> **Work to complete**:
With pictures left out, copy exactly every line from the one containing "maillot mature washable" through the end of the material.

*** Input data Section Begins ***

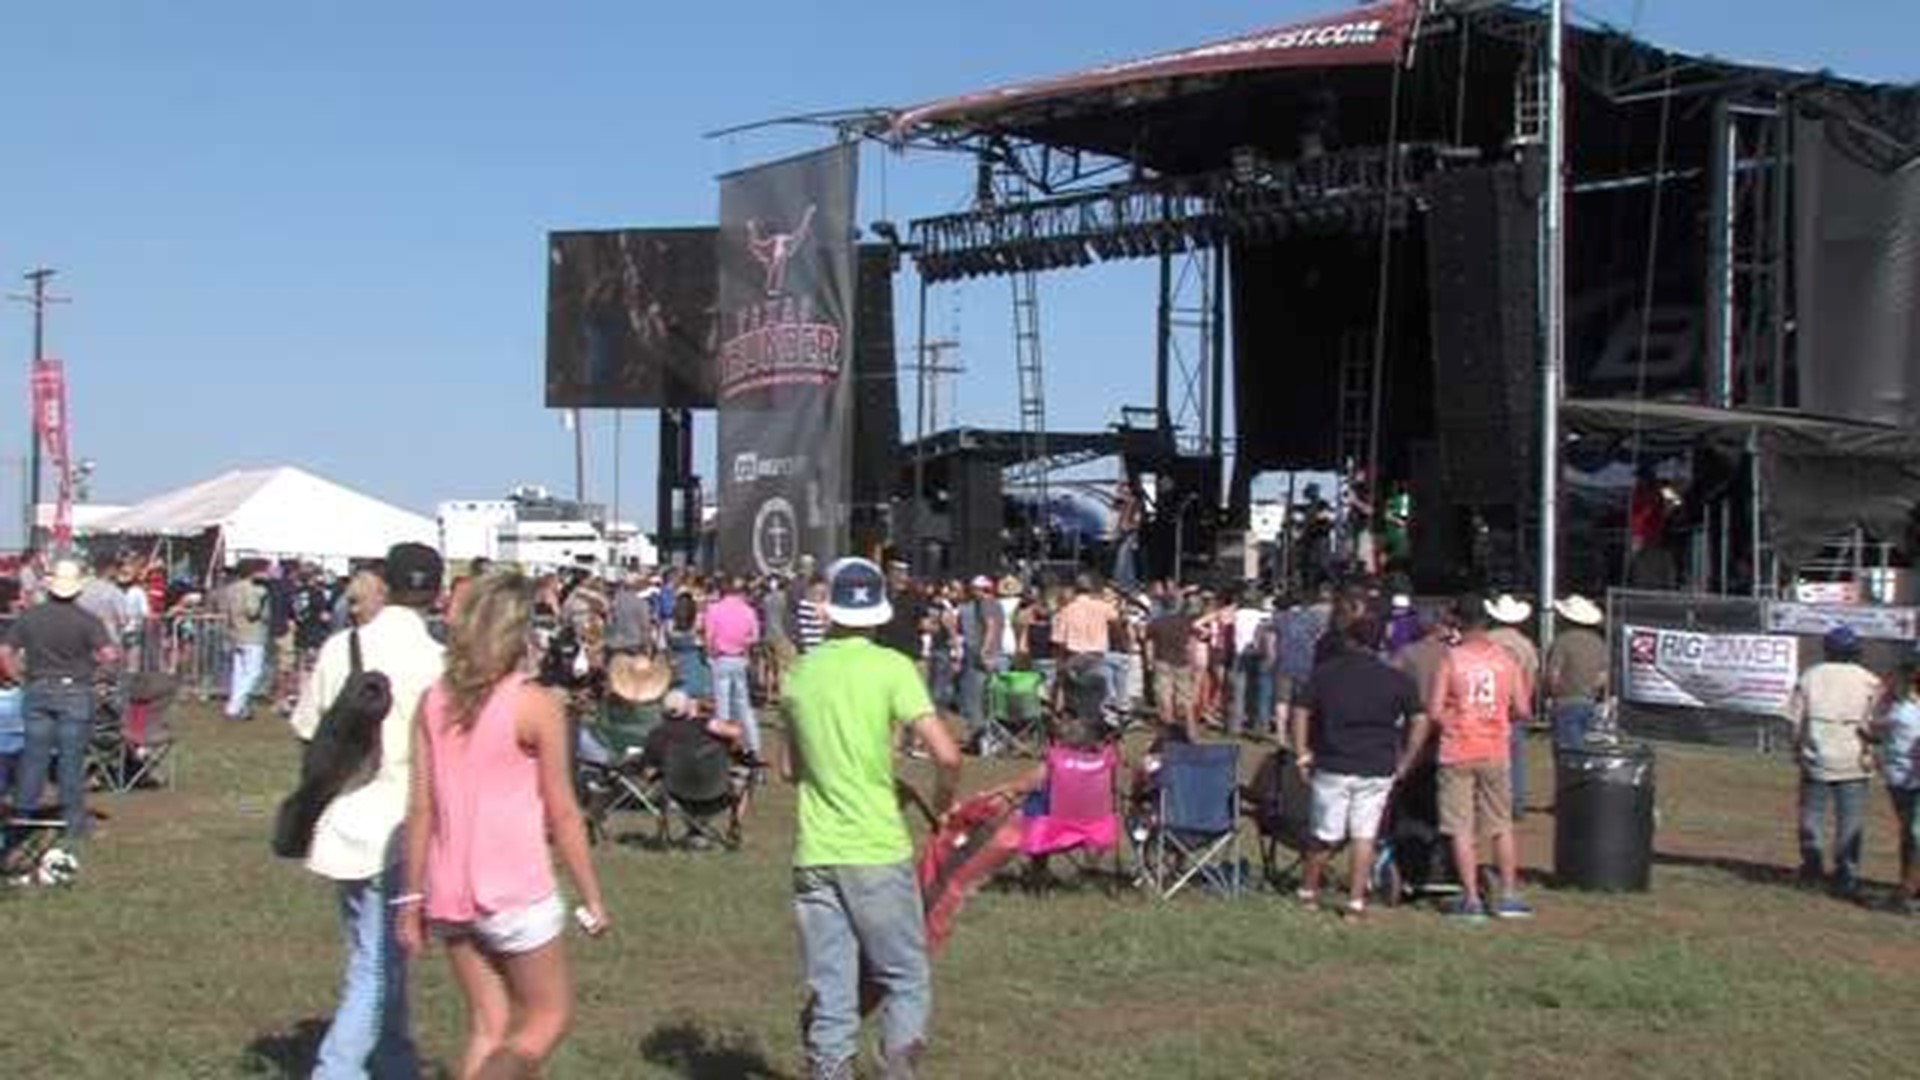 This event will highlight the Permian Basin's first major 3-day music festival coming in 2022.
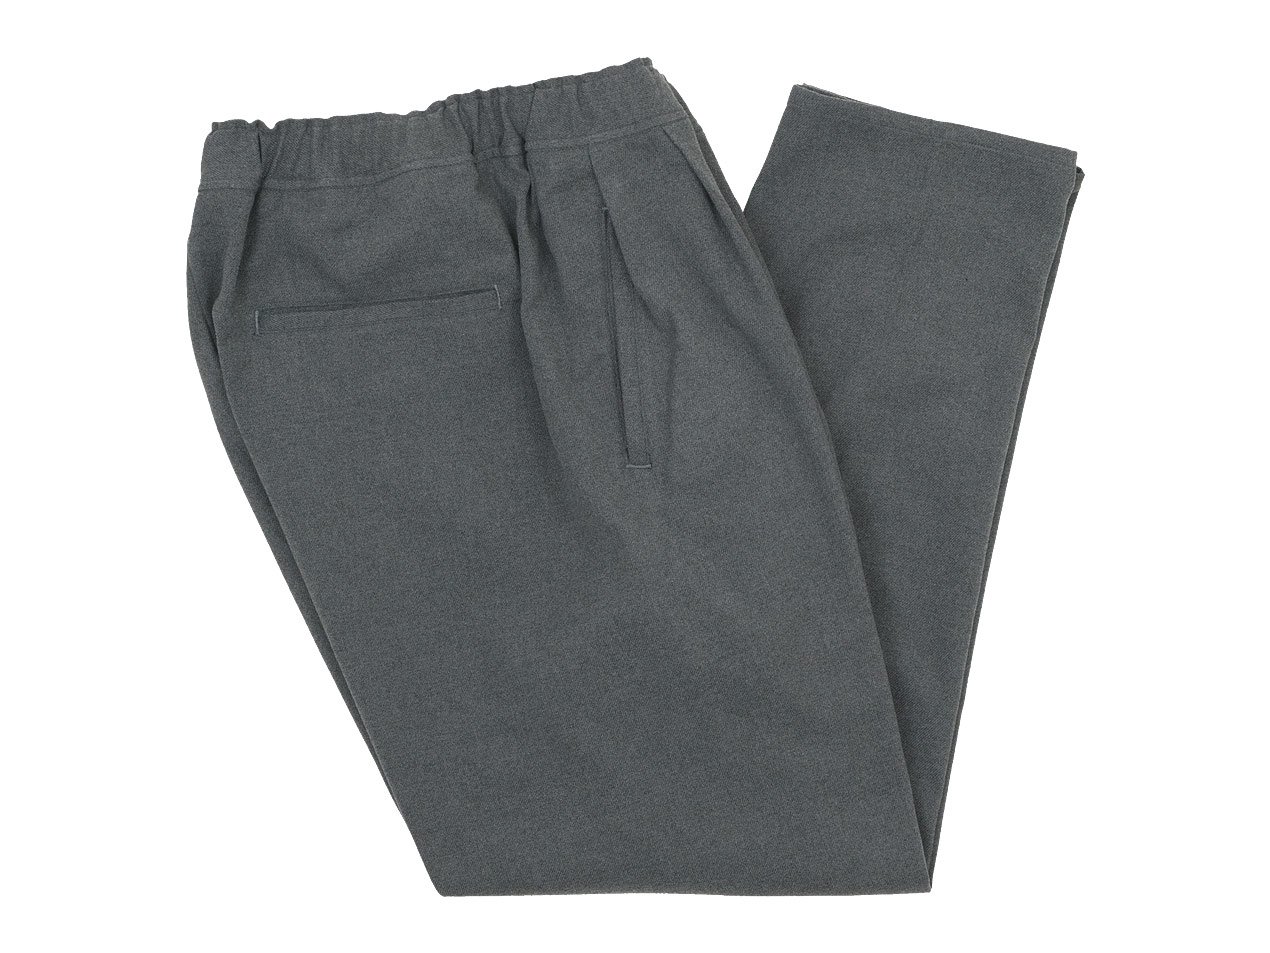 maillot mature washable serge easy trouser GRAY
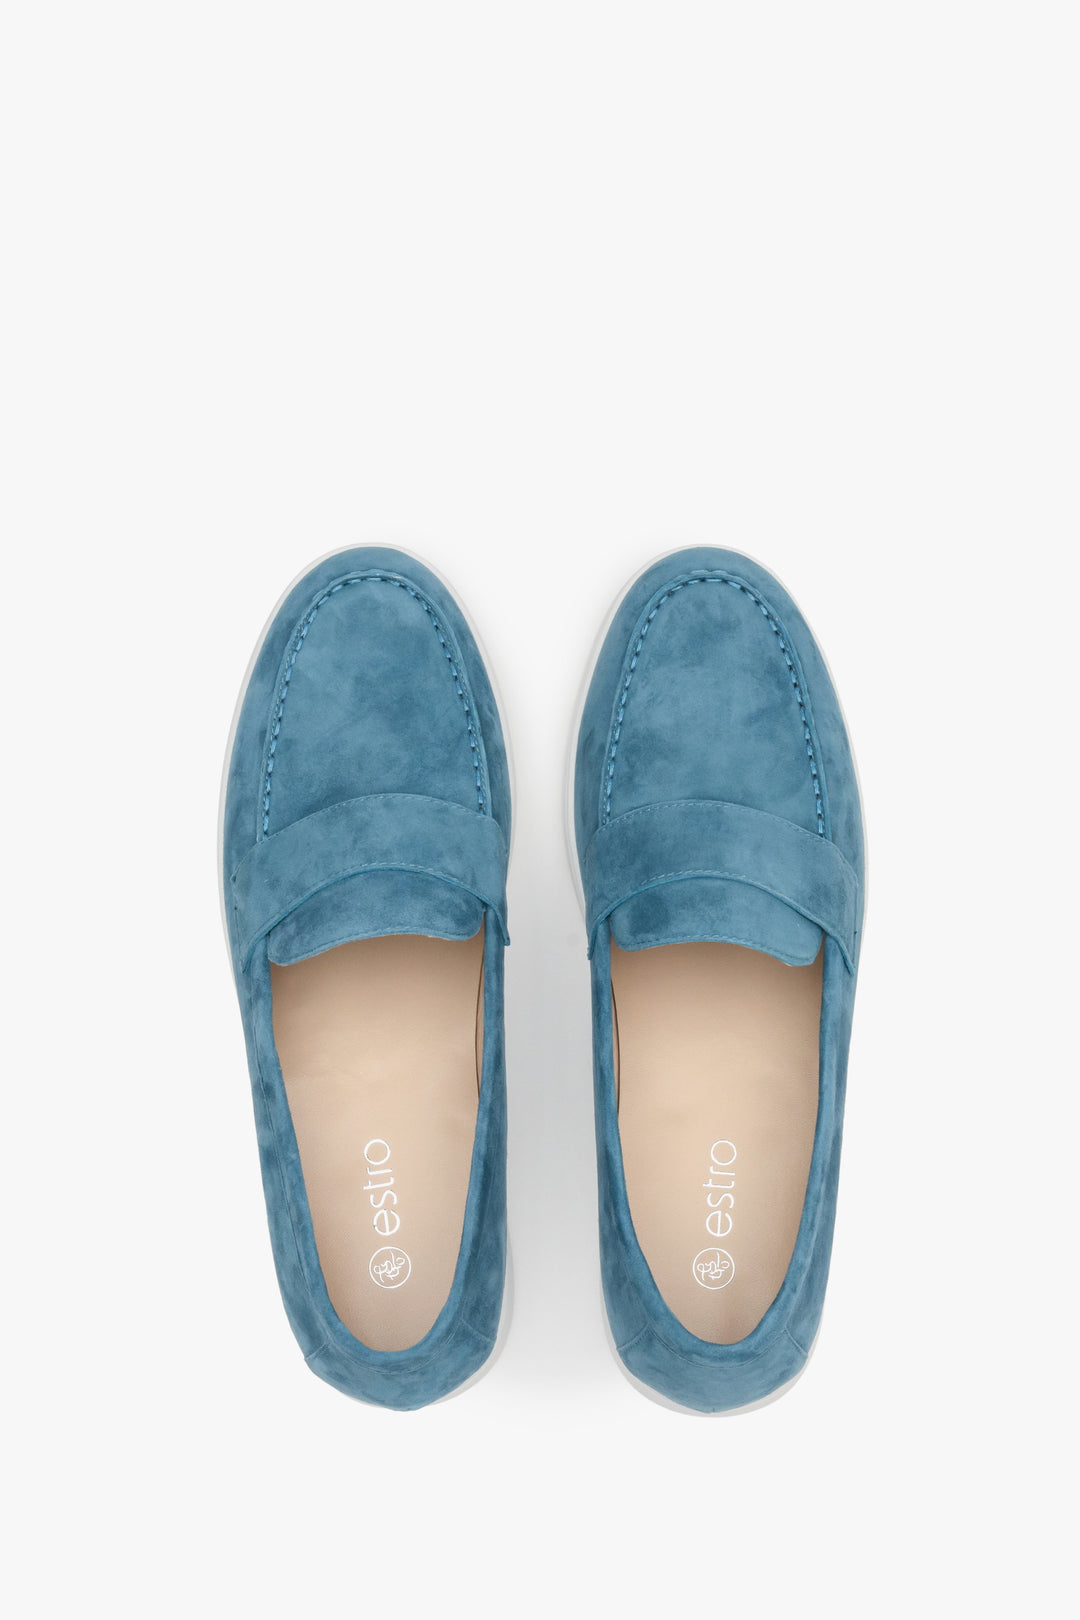 Women's blue Estro moccasins for fall, made of genuine velour - presentation of footwear from above.

*** Input data Section Ends ***

> **Your solution**:
 maillot mature washable serge easy trouser GRAY
 Women's blue Estro moccasins for fall, made of genuine velour - presentation of footwear from above.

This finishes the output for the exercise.